Walker makes a critical observation about Belfast and advances made under the Union:

“I hold no brief for Belfast, but past bigotry aside, we have moved fast towards Municipal Socialism, leaving not merely the other cities of Ireland far behind, but giving the lead to many cities in England and Scotland. 

We collectively own and control our gas works, water works, harbour works, markets, tramways, electricity, museums, art galleries, etc., whilst we Municipally cater for bowlers, cricketers, footballers, lovers of band music (having organised a Police Band), and our works’ department do an enormous amount of ‘timed’ and ‘contract’ work within the Municipality. With the above in operation, we, in Belfast, have no need to be ashamed of being compared in Municipal management with any city in the kingdom. What does Comrade Connolly say?”

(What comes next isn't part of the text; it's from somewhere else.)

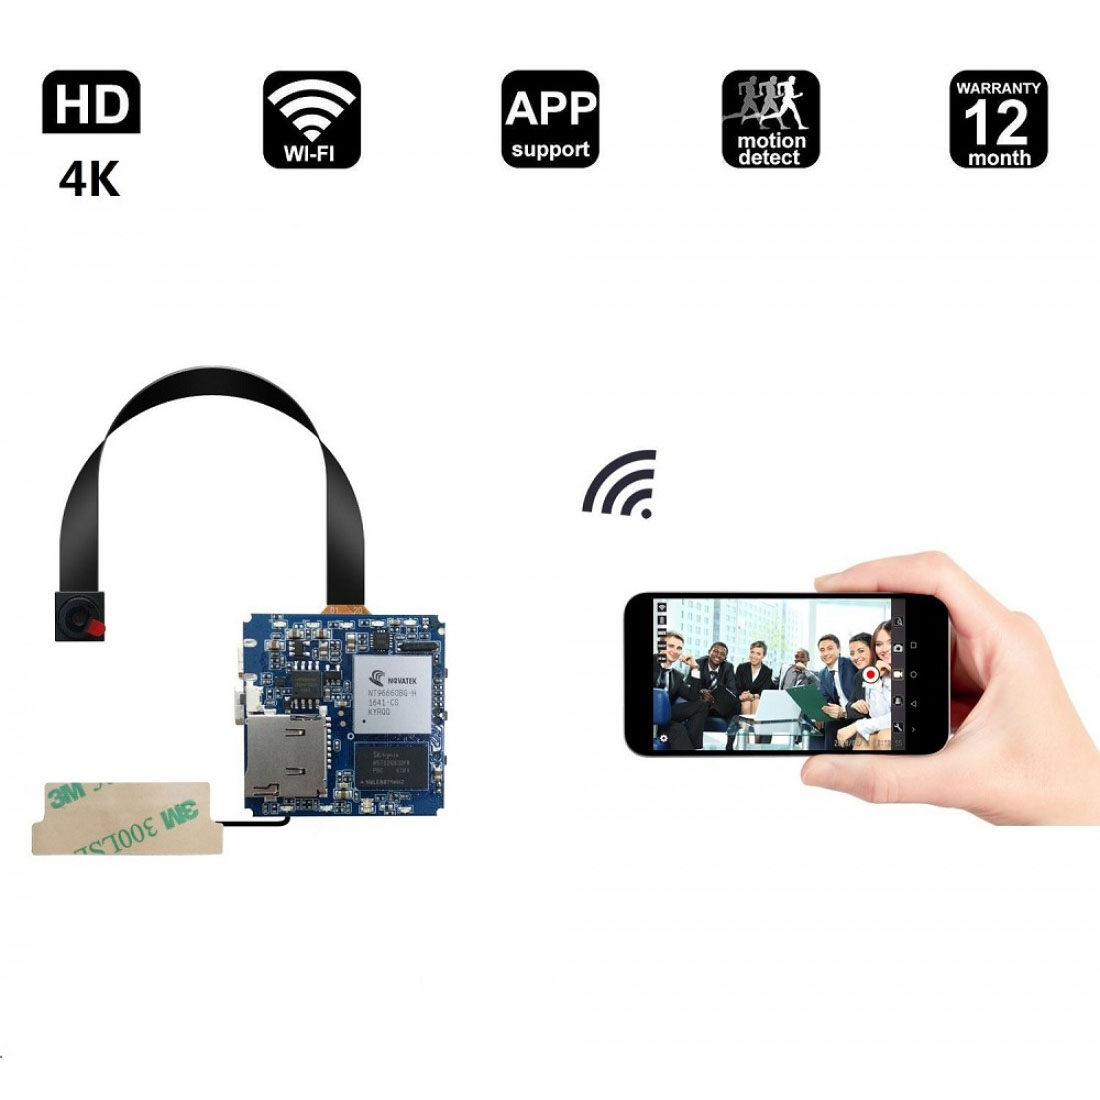 4K 미니 카메라, Full 1080p HD 몰래카메라, WIFI 무선 [움직임 감지, DIY 카메라, 앱 제어] 내니캠 | 가정, 어린이, 아기, 애완동물 모니터링 캠

Walker also wrote in, ‘Rebel Ireland: And Its Protestant Leaders’ (1910):

“Bailie Jack (Scottish Ironmoulders) declared that “what was wanted was the unity of our forces all over.” Just so, but Ireland has to be, must be, treated differently. Why? Because of the Conservative temperament of certain Irish propagandists, and because of their insistence on viewing the class war as a national question instead of, as it is, a world-wide question.”

Walker wrote in ‘A Socialist (sic) Symposium and An Evasion‘ (1910):

“Belfast’s municipal activities seem to be gall and wormwood to our Comrade. They excite his ire. They induce him to throw aside the last vestige of comradeship, and to descend to the level of the corner-boy in his rage against all and sundry, who have dared to spend their time in doing the collar work which ALONE makes for success, instead of leading an invisible ammy nowhere, but content if the general be visible to the people of the plain.”

William Walker makes a strong and compelling stand against the vision presented by Connolly. His alternative is confident and just as legitimate. Unfortunately Walker, never mind his British-Irish ideals, is almost unknown.

However there is reason for unionists to consider Walker and Walkerism and his arguments for an Ireland in partnership with Britain as against the isolated Ireland conceived by Connolly.